*** Opening of DATA SEGMENT ***

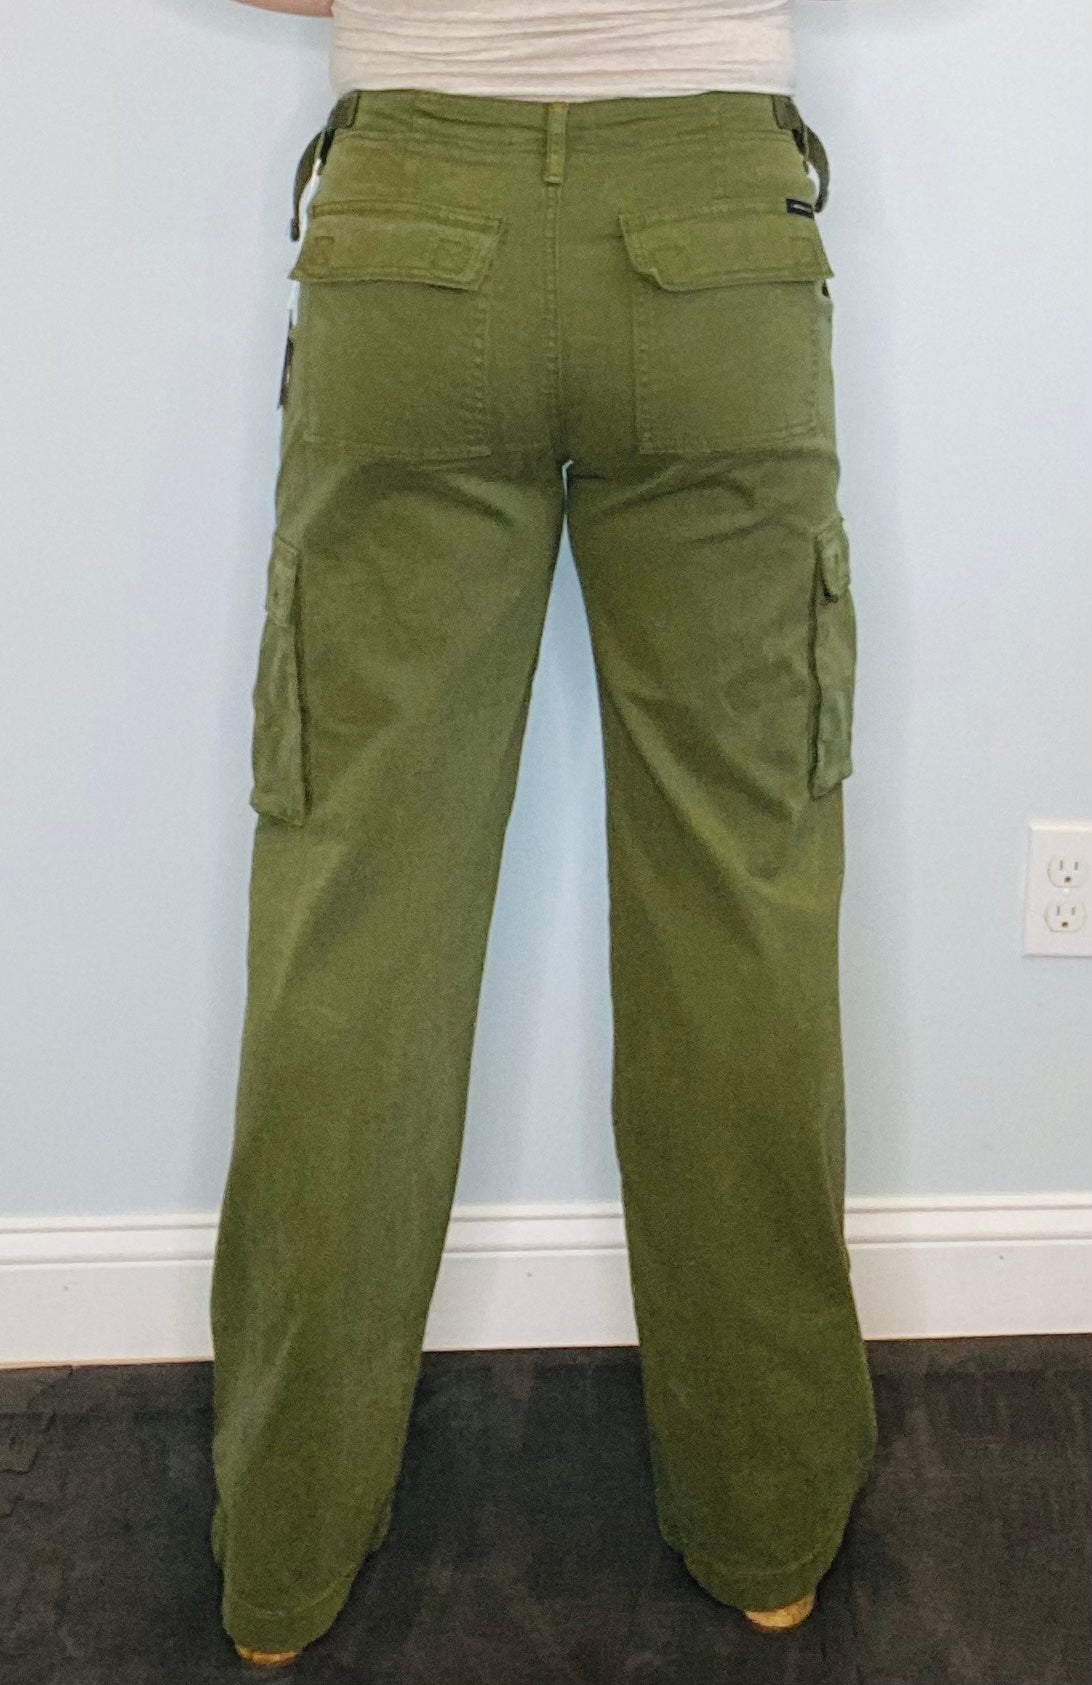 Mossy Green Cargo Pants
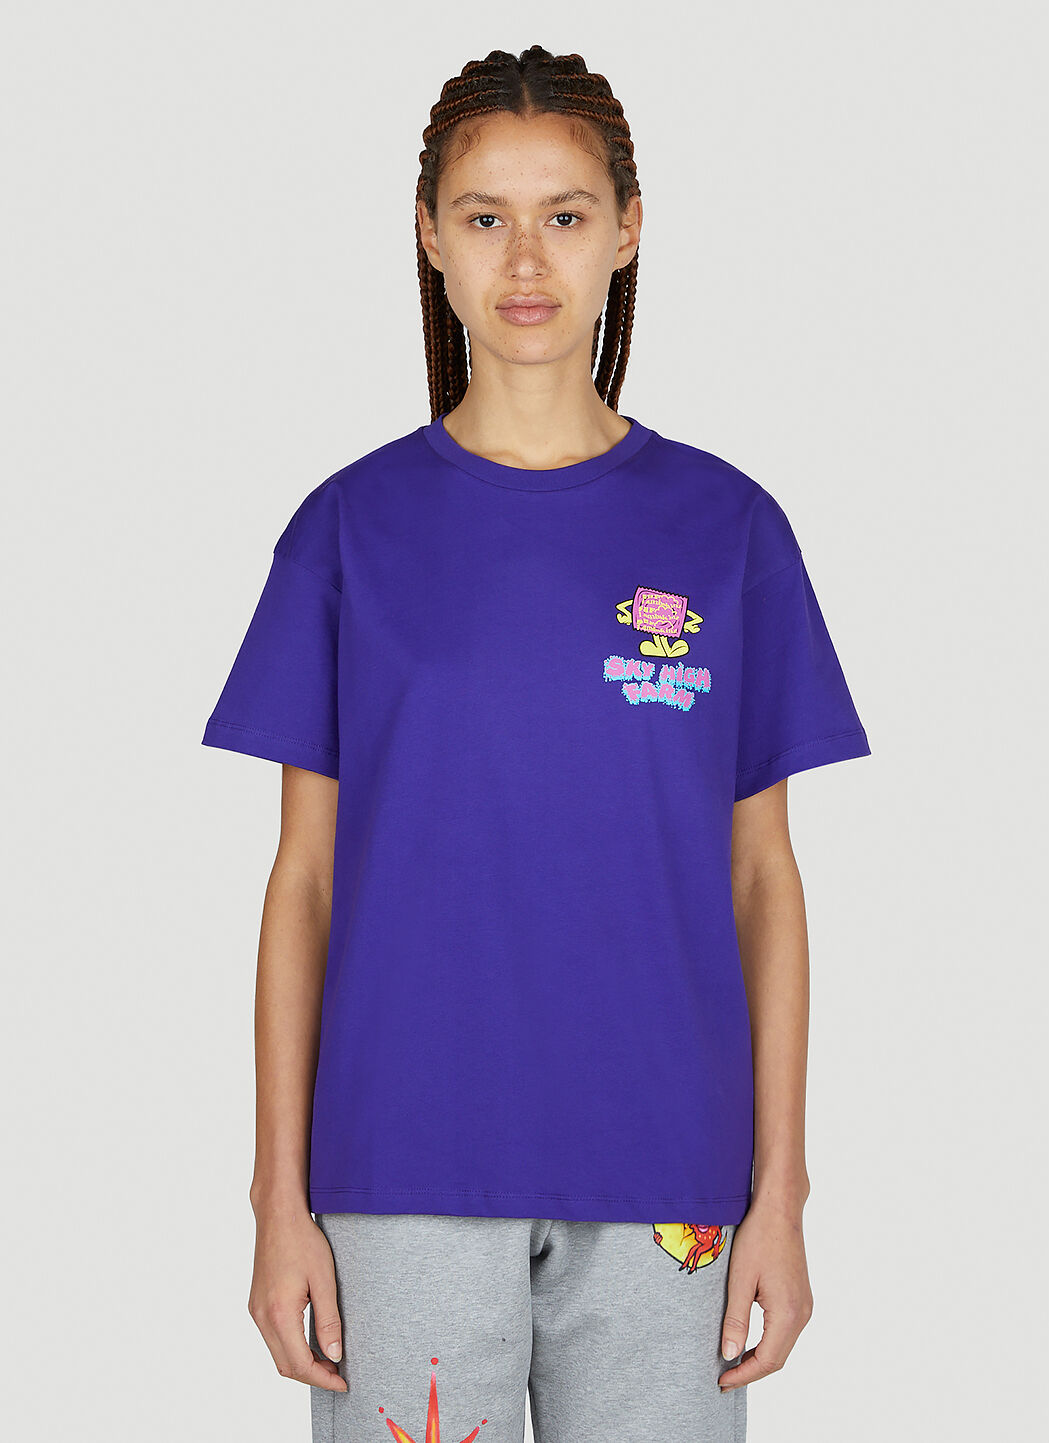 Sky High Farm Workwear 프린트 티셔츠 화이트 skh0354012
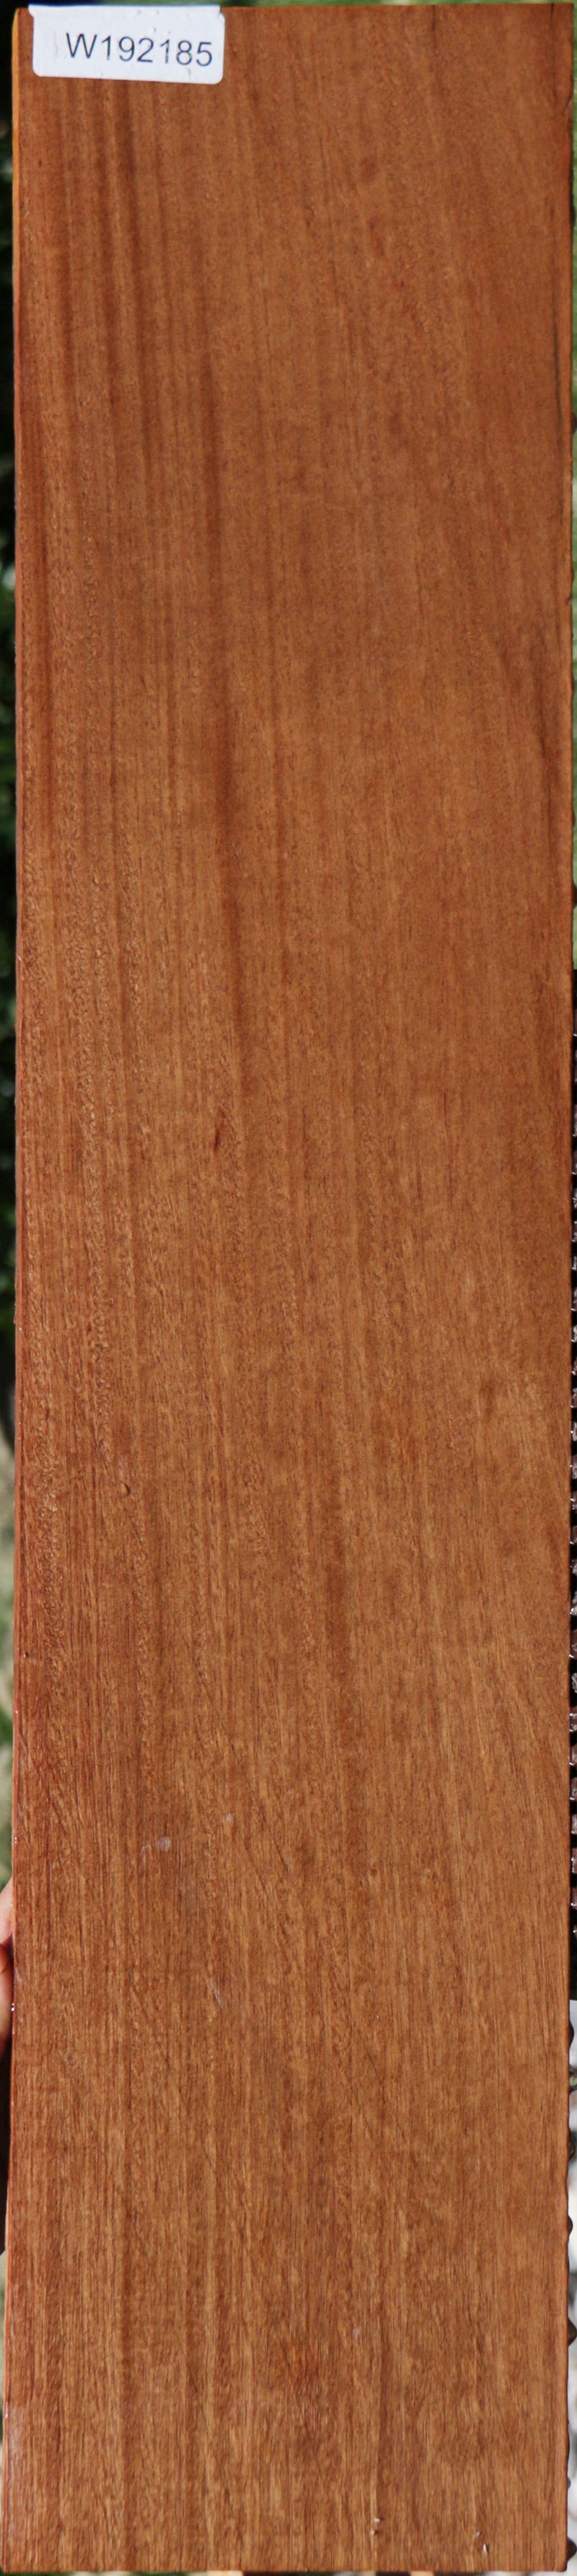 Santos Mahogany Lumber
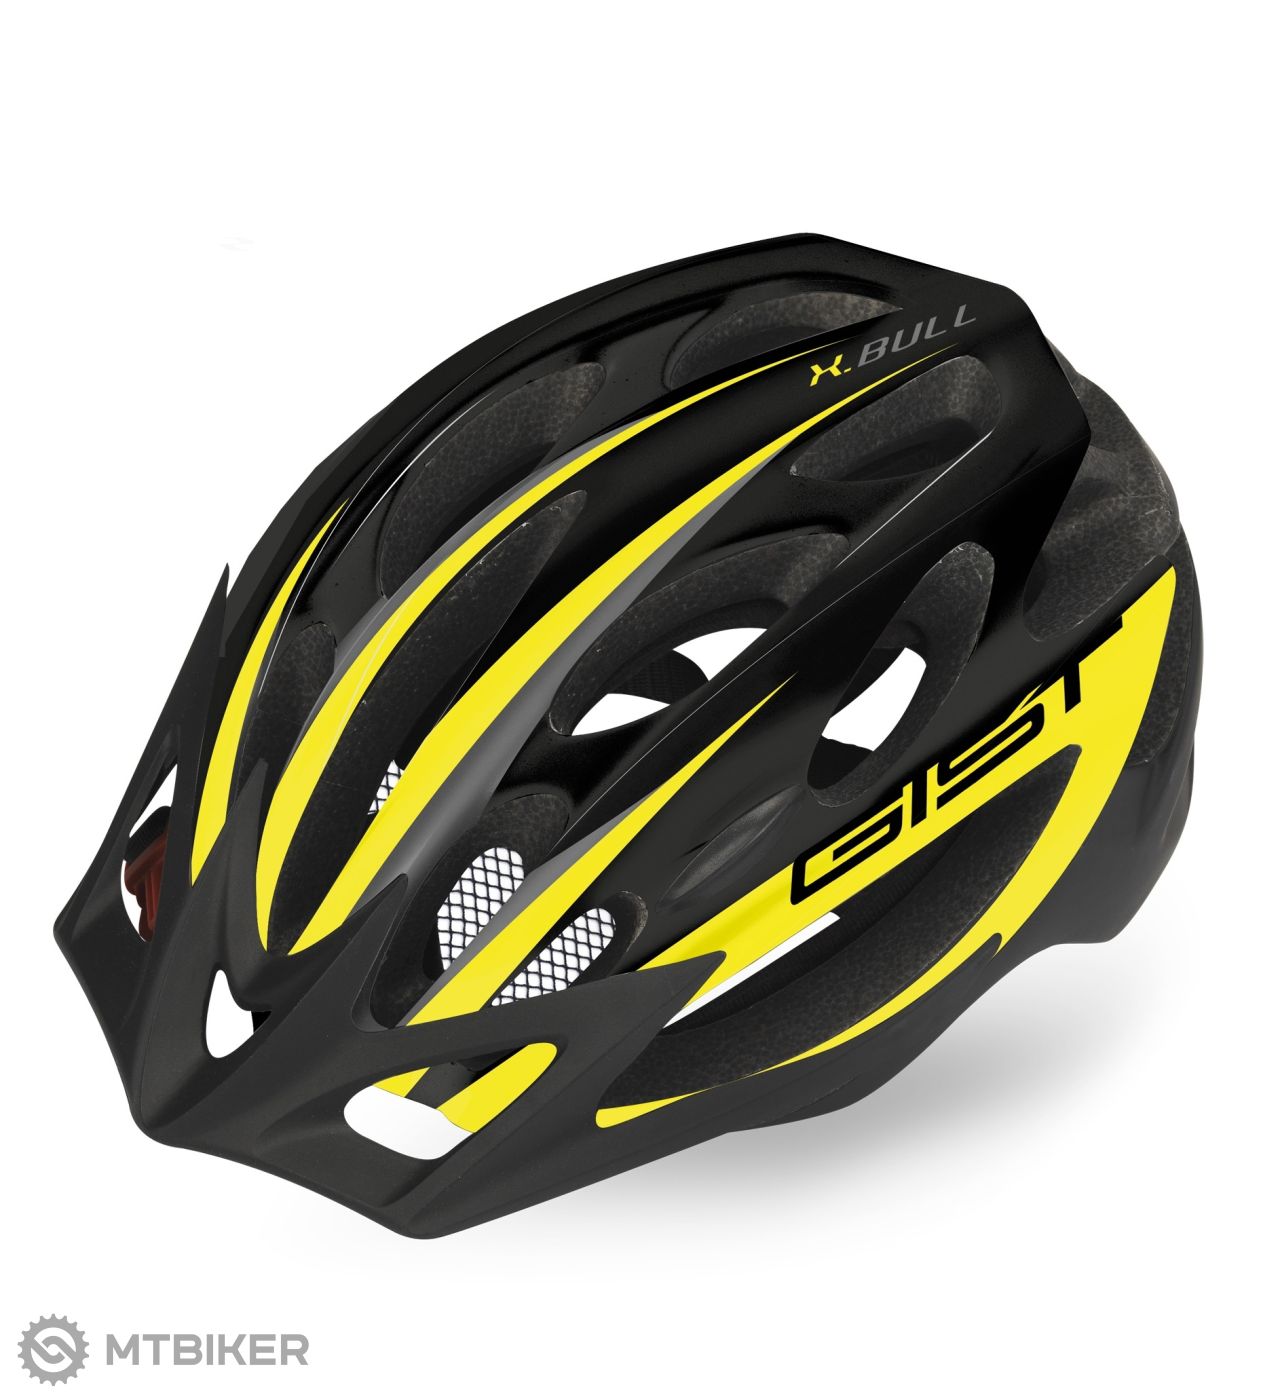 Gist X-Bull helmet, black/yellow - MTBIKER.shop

*** Close of DATA SEGMENT ***

_EXERCISE INSTRUCTIONS_
Repeat the material line for line. Pictures stay out of the copy.

_FINISHED TASK_
 Mossy Green Cargo Pants
 Sky High Farm Workwear 프린트 티셔츠 화이트 skh0354012
 Santos Mahogany Lumber
 Gist X-Bull helmet, black/yellow - MTBIKER.shop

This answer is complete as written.